Out of the huge tear came broken sky from the Fracture, spilling into the storage room. Then her - Elena Rostova - cold air clinging to every step, breath like ice on metal.
Floating inside the broken ship, her six dark wings moved in sharp, odd motions. From her eyes poured a harsh purple glare, swallowing up the warm gold shine of the resting pod. Alarms screamed around her, yet she paid them no mind - nor the floor that leaned sideways, nor the icy blast rushing through the gap where walls used to be.
A sudden stillness took her eyes straight to the Aethelgard Watcher hanging mid-air. The device floated, silent, at the heart of the space. Light caught its edges like frost on glass. She did not blink. Not one movement gave way. Time seemed thinner there. Her breath slowed without thought. Every line of it held a quiet hum. Space bent slightly around the object. It waited - she could feel that much.
Fangs bared, Axiom crouched close to the floor. Stolen energy sparked through the creature's dark coat as it braced itself - not for escape, but for what lay beneath Vance's skin. That small piece was worth every risk.
Fingers locked around the blade, Vance felt his hands tremble. Stuck in the hold - something ancient asleep, something else stirring. Outrunning the crush of space folding in?

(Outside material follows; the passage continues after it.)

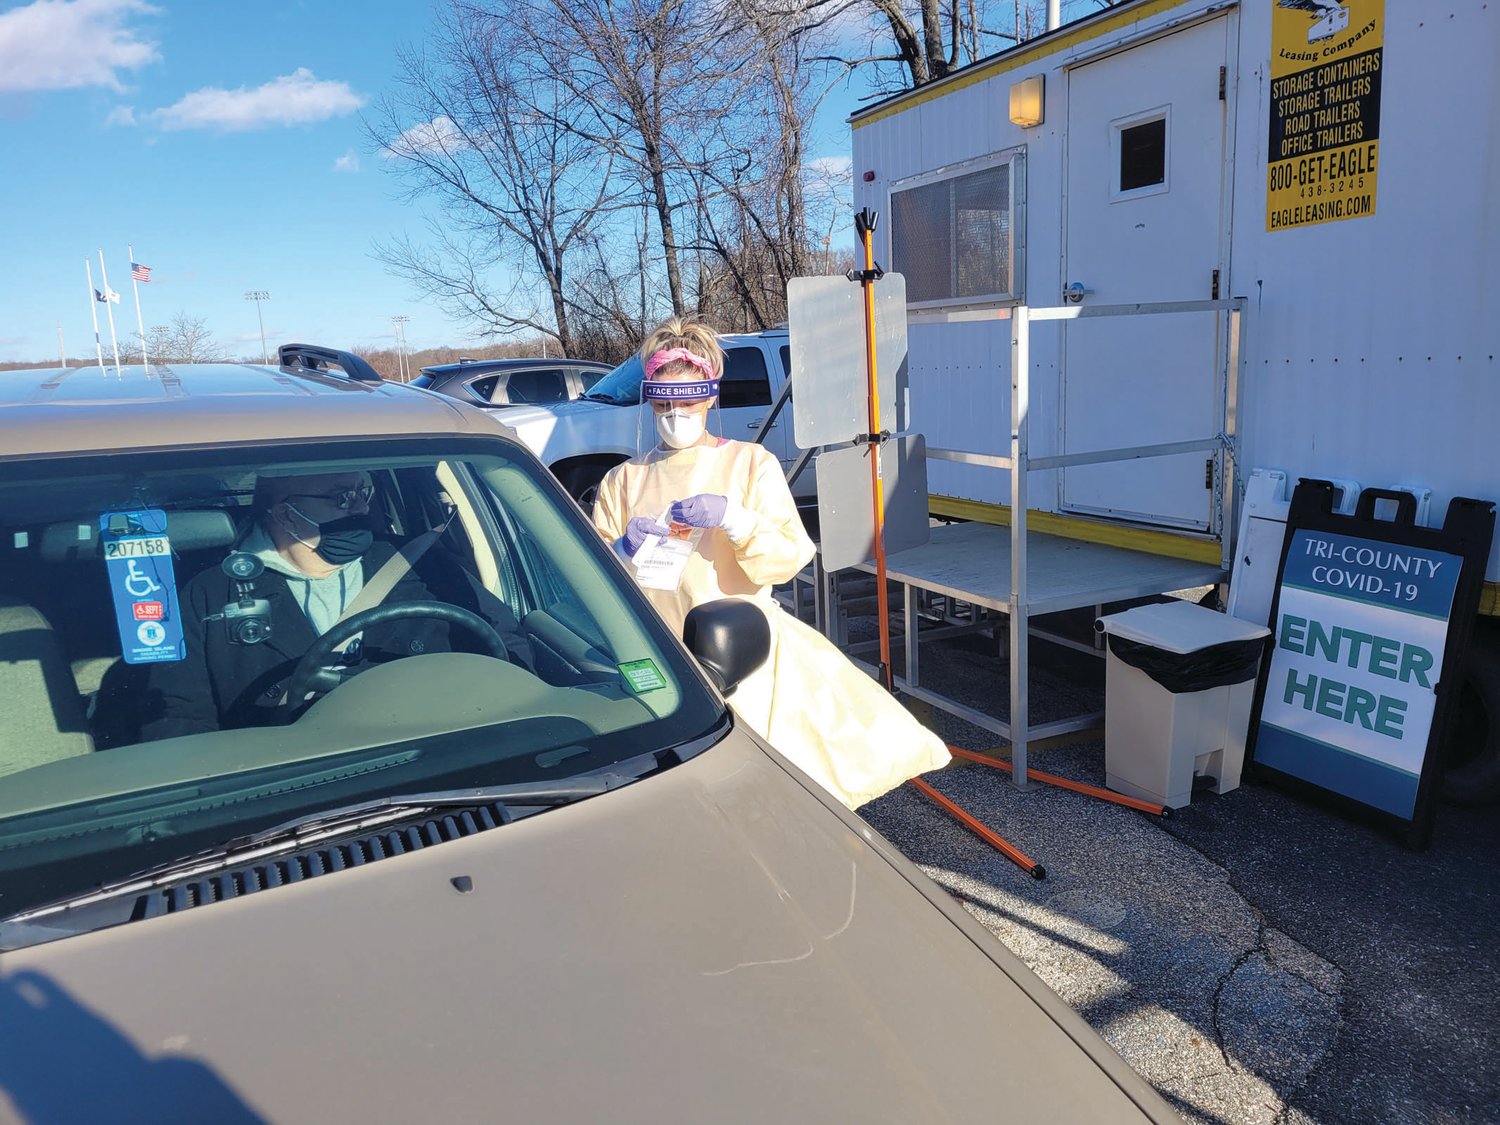 FREE TESTS: Tri-County Community Action Agency will staff the testing trailer in the high school parking lot, Monday through Friday, 9-11 a.m. and 2-4 p.m. Those who would like an appointment at the free test trailer need to call 401-519-1940.

Impossible. The pods wouldn't make it. Nothing would.
Out of the corner came Elena's hand, lifting like mist through cold air. Time to open your eyes, she said, soft but sharp against the storm's scream.

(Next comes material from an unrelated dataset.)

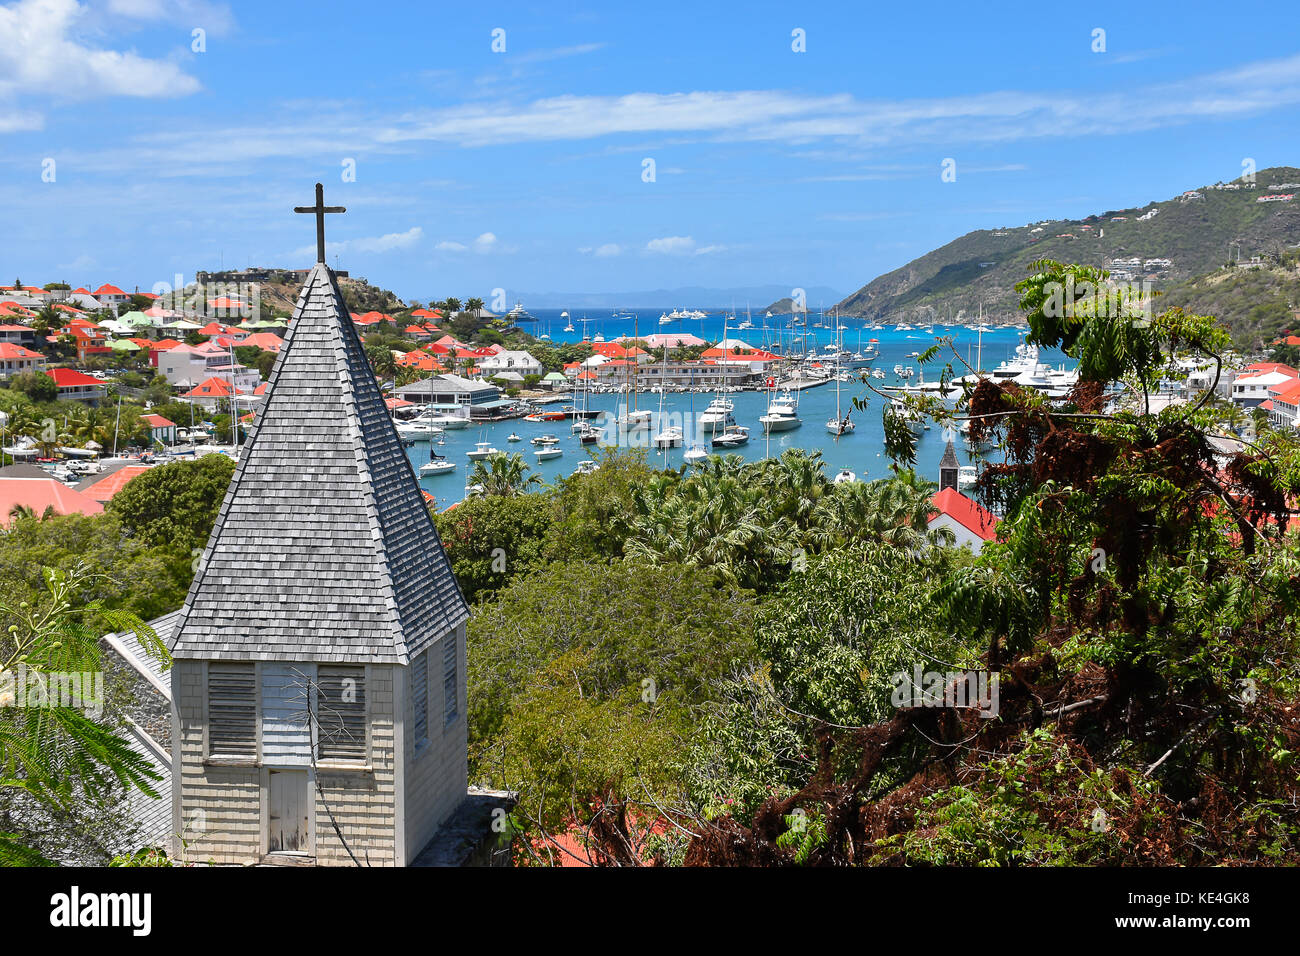 St Barts, Caribbean, harbor view with church in front Stock Photo

A sudden hum rose from her hands, violet light building between her fingers, ready to crack the thickened window - then another sound cut through the hold.
A whisper cut through, quiet but clear. Not some mind-scan echo. Nothing like the raw cry of a soldier from Argent. This came smooth, measured - someone known, speaking across the ship's speakers.
That move? Better think again, said Julian Thorne, his words sliding out calm and polished into the cold cargo bay. Breaking the seal triggers an antimatter fuse - it's wired straight to the Watcher. One crack in the glass, and everything vanishes, including us. Vance jerked his gaze upward, chasing the sound. From hidden speakers above came the voice of a boy he'd seen hooked to machines days before - Thorne's son, the one tied to the Obsidian empire, the same kid who pulled him from the canyons when no one else could.
Fresh on the table wasn't merely a reshuffled layout. Everyone involved had slid their markers into place long before. At that moment, Julian Thorne gripped the t
rigger wired to something far beyond human.